What you should do: Will you output all of the data below exactly, omitting the images?
*** Stored data ***
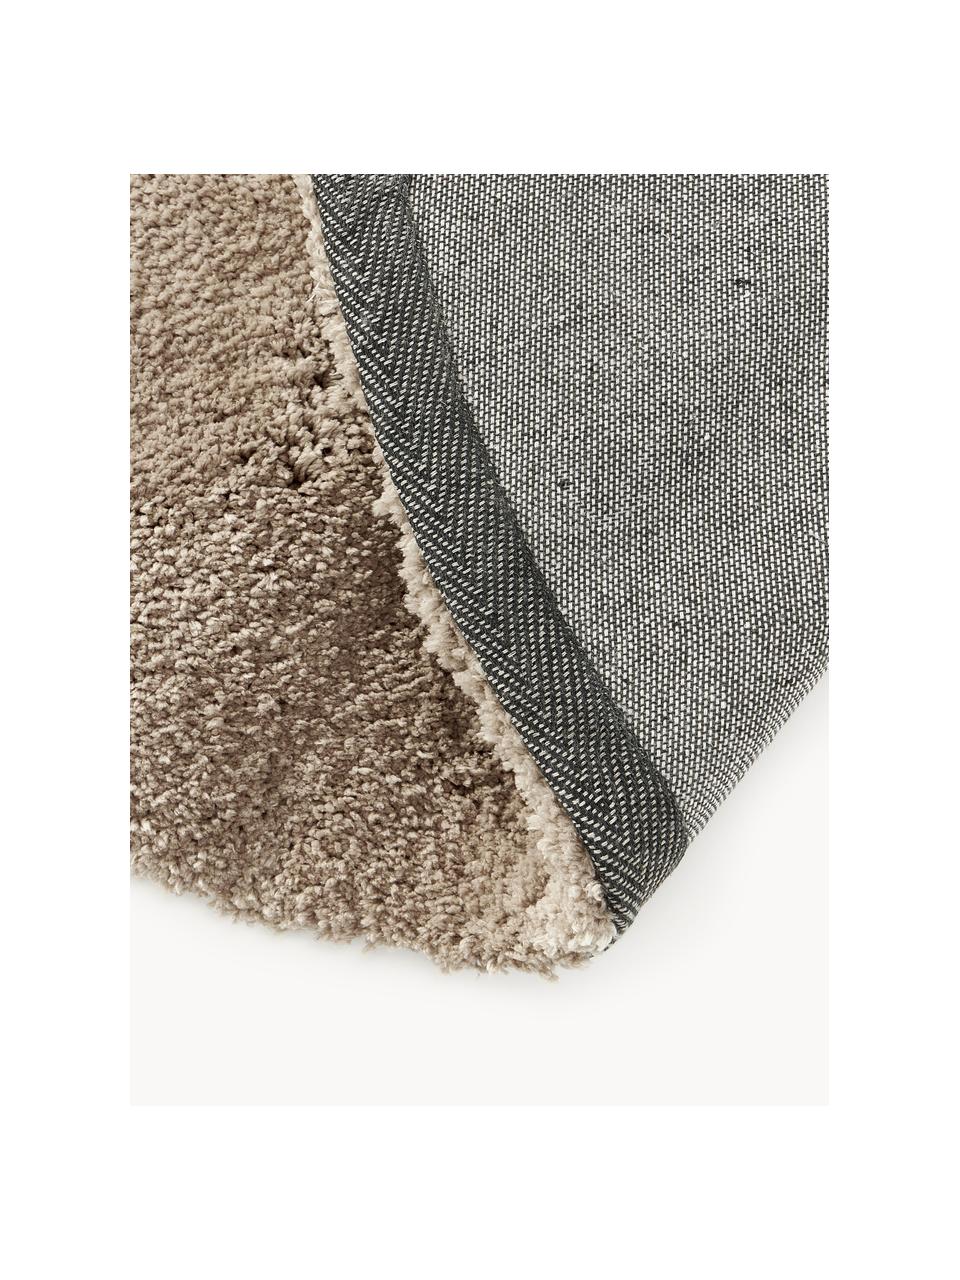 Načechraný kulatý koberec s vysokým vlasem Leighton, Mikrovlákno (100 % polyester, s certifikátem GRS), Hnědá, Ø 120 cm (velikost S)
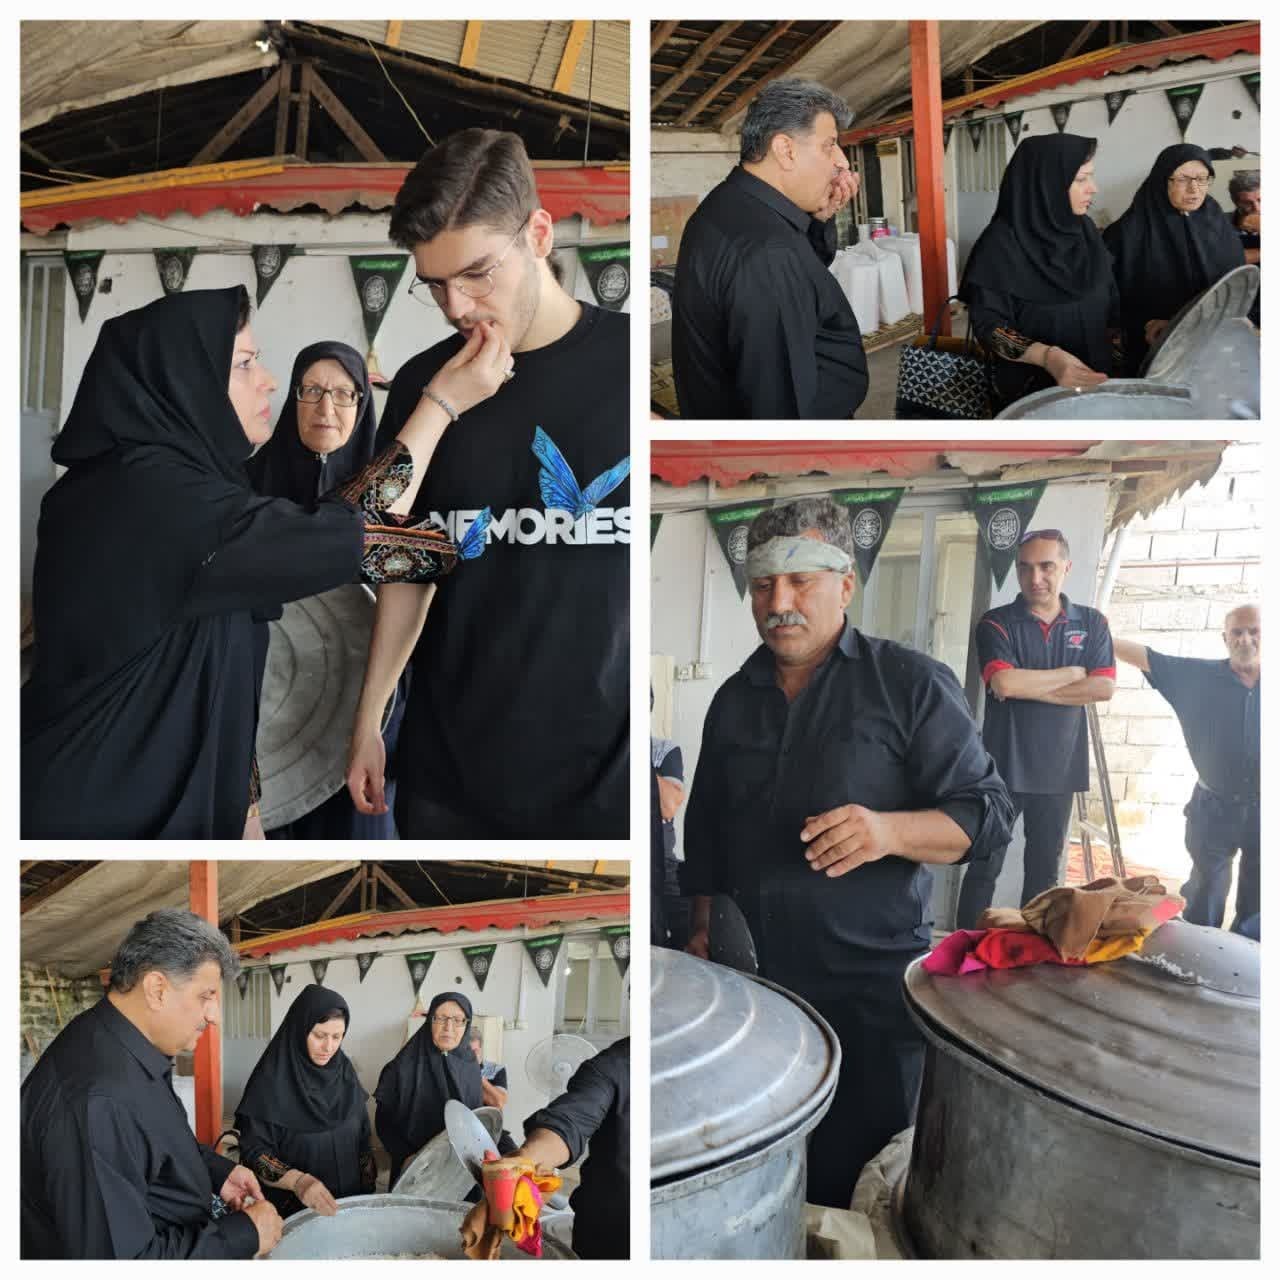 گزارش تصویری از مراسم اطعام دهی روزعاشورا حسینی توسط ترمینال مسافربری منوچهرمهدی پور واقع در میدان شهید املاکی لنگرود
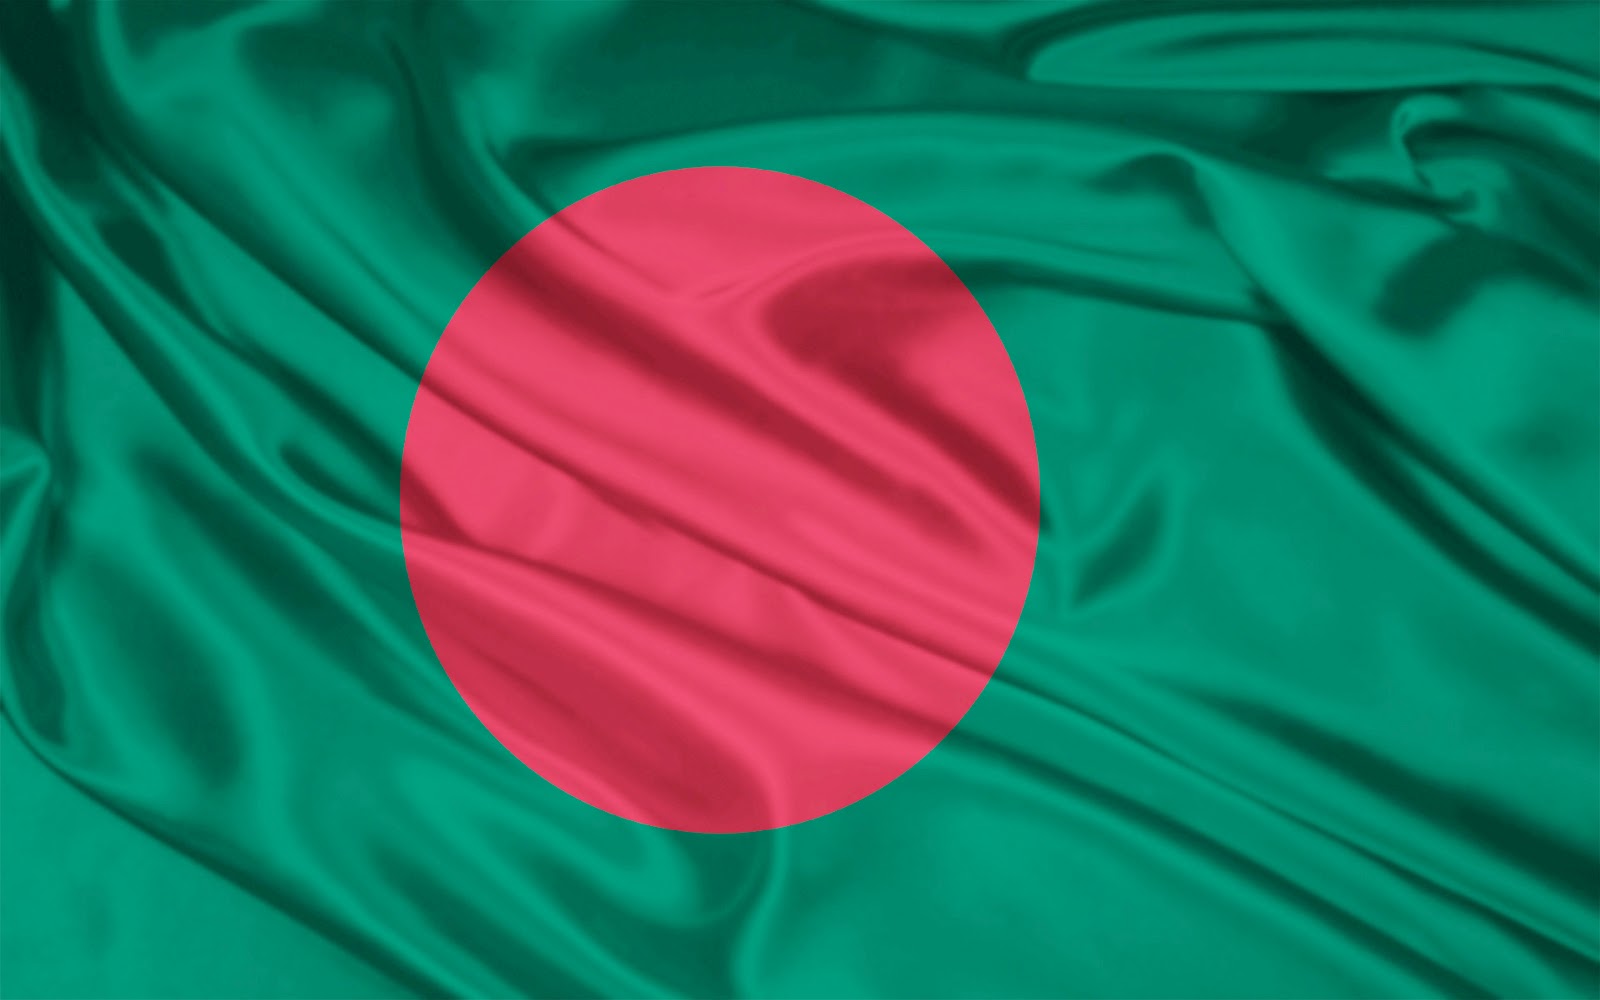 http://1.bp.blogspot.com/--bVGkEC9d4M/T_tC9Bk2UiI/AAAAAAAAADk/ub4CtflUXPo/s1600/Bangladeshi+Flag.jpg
*** End of Stored data ***
Expected answer:
 Načechraný kulatý koberec s vysokým vlasem Leighton, Mikrovlákno (100 % polyester, s certifikátem GRS), Hnědá, Ø 120 cm (velikost S)
 گزارش تصویری از مراسم اطعام دهی روزعاشورا حسینی توسط ترمینال مسافربری منوچهرمهدی پور واقع در میدان شهید املاکی لنگرود
 http://1.bp.blogspot.com/--bVGkEC9d4M/T_tC9Bk2UiI/AAAAAAAAADk/ub4CtflUXPo/s1600/Bangladeshi+Flag.jpg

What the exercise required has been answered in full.